[INPUT DATA]:

== Segment start ==

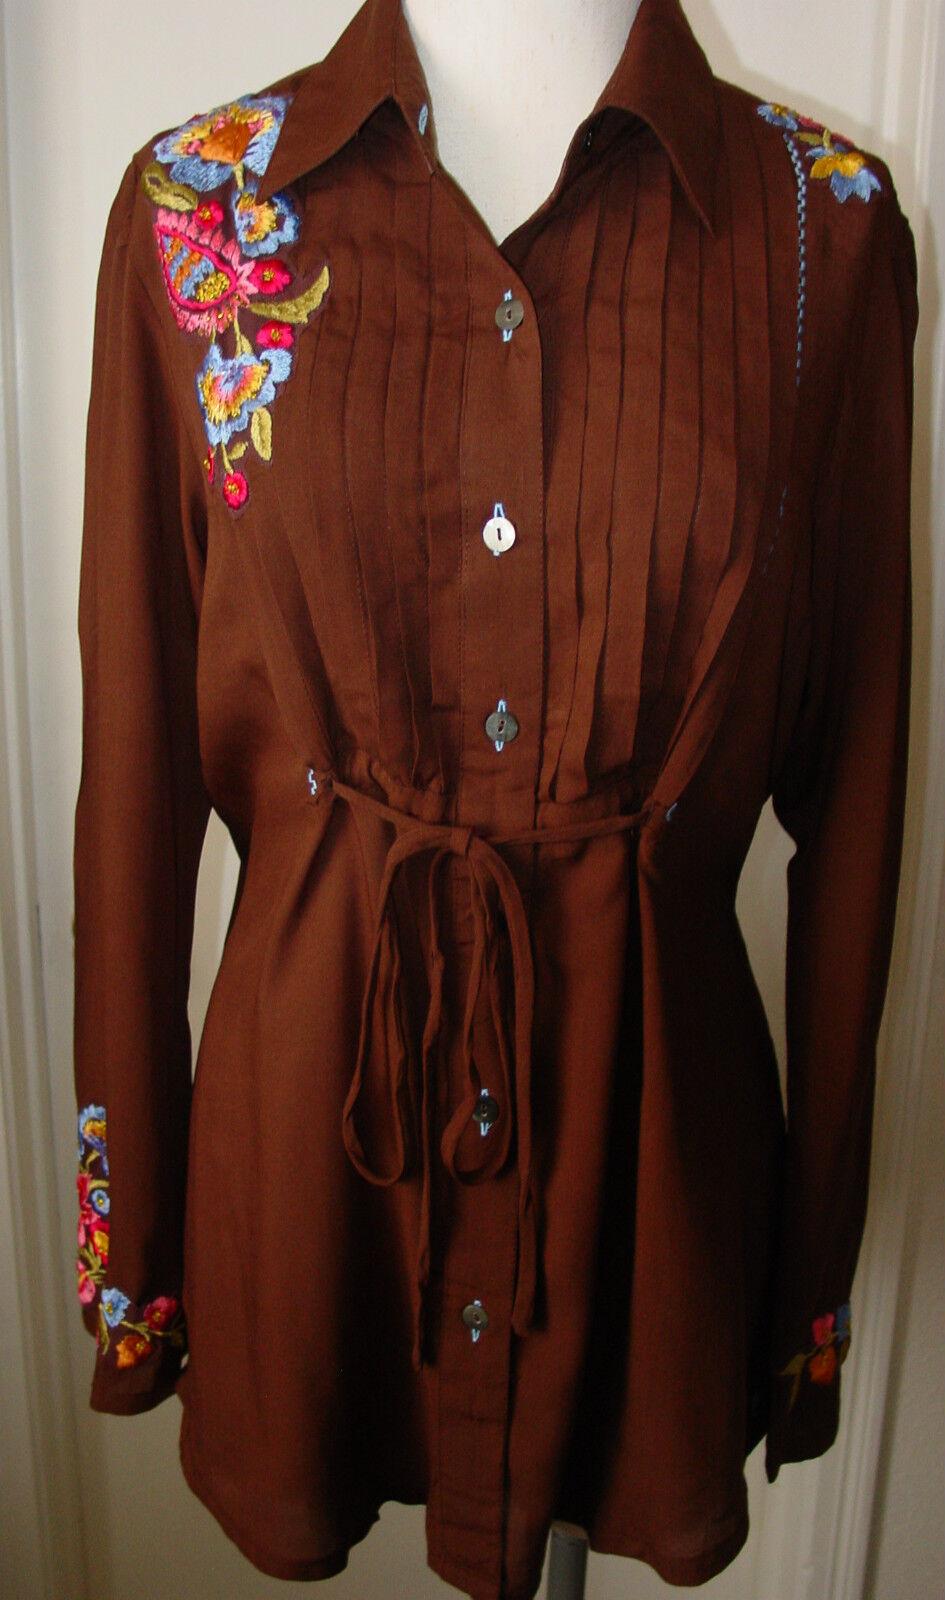 Woherren Blouse Tunic Top Krista Lee Florence braun Embroidery Buttons Tie Waist
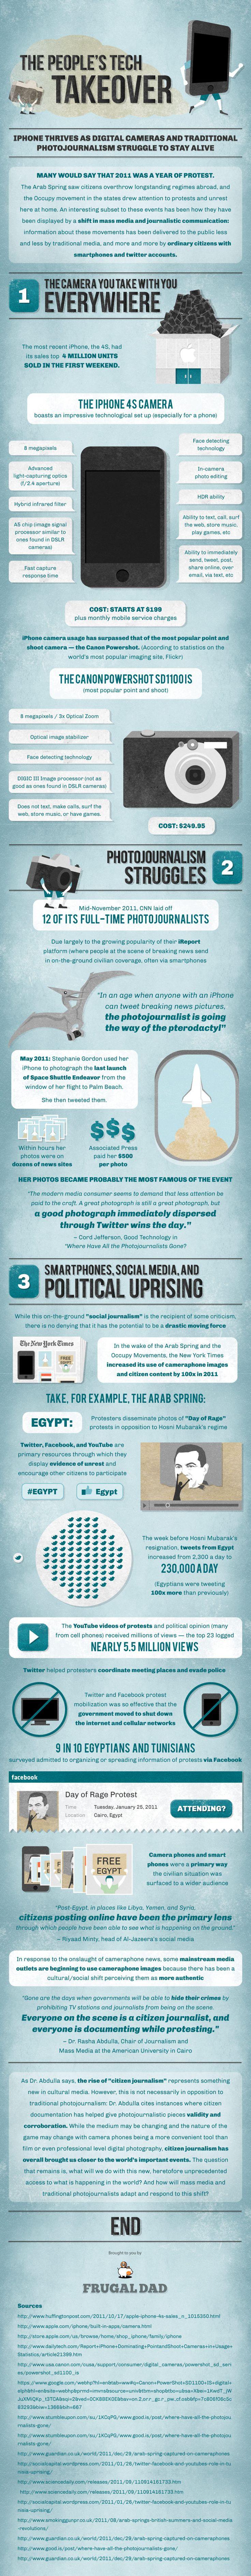 Citizen Journalism through Technology
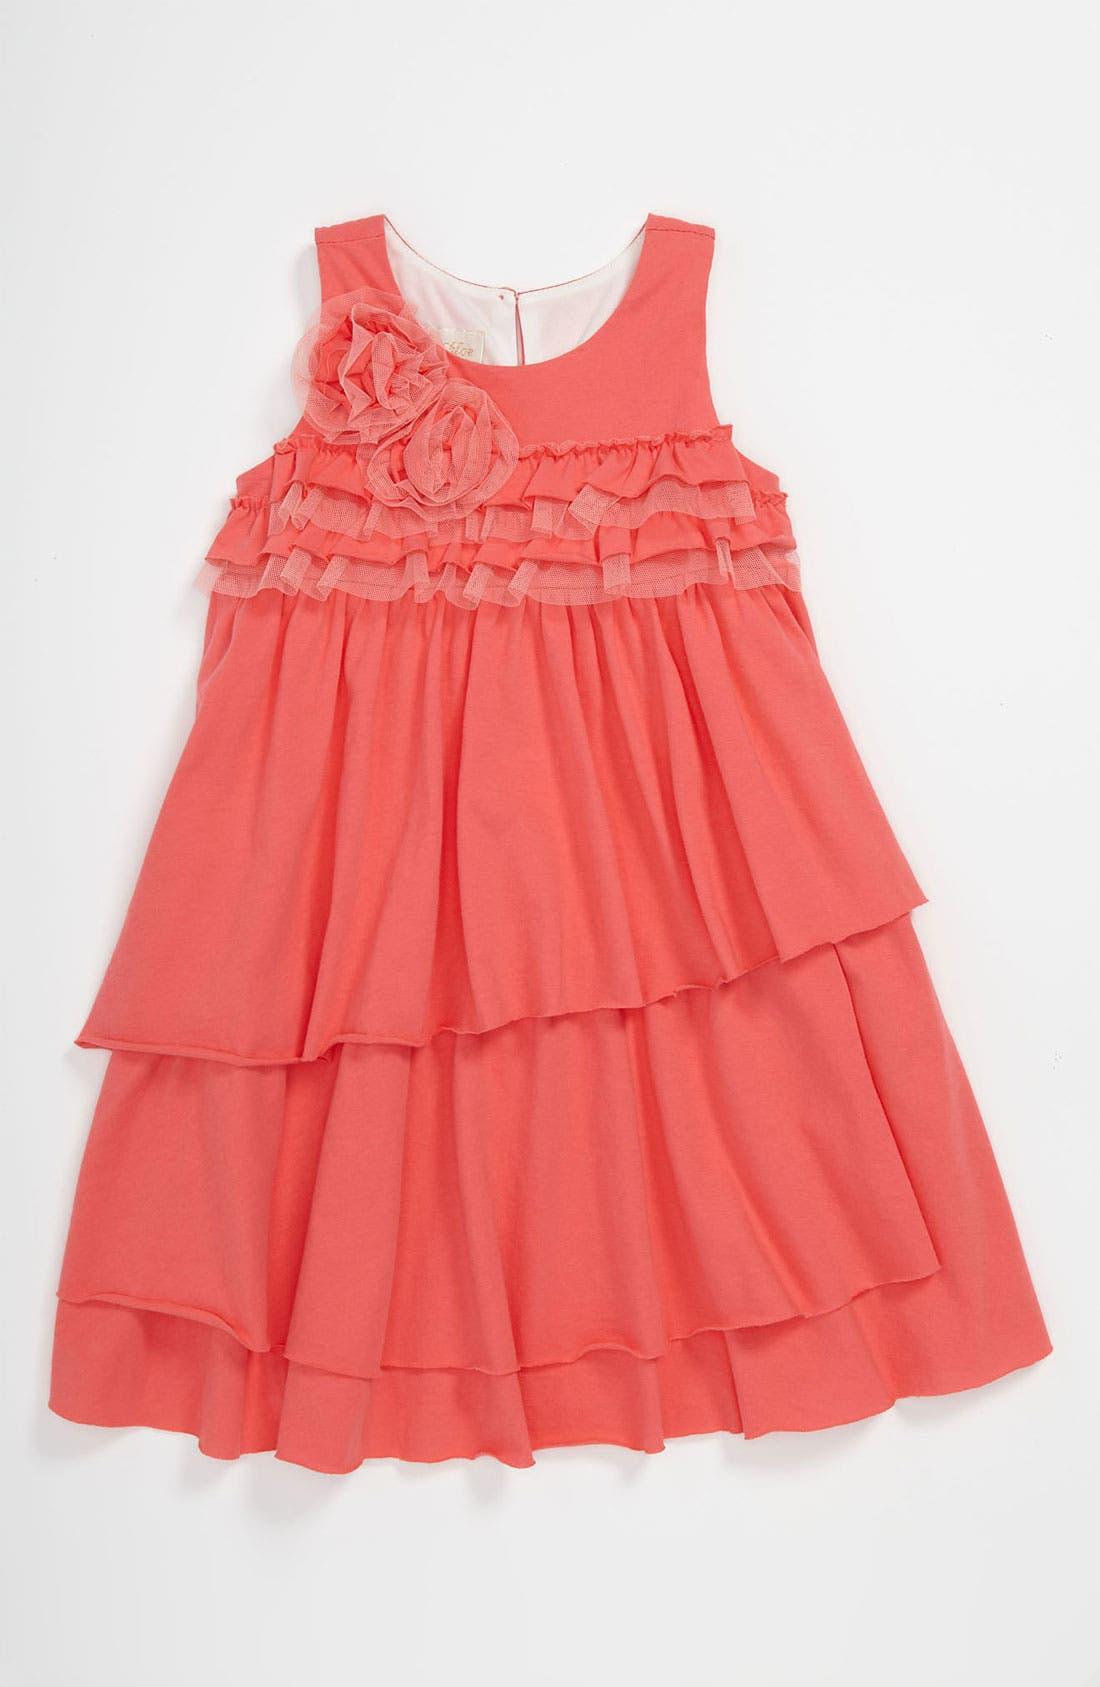 Alternate Image 1 Selected - Isobella & Chloe 'Jenny' Dress (Toddler)

== Segment end ==

[INSTRUCTIONS TO FOLLOW]: Skipping all images, print the data above a second time exactly.

[SOLUTION TO THIS EXERCISE]:
 Woherren Blouse Tunic Top Krista Lee Florence braun Embroidery Buttons Tie Waist
 Citizen Journalism through Technology
 Alternate Image 1 Selected - Isobella & Chloe 'Jenny' Dress (Toddler)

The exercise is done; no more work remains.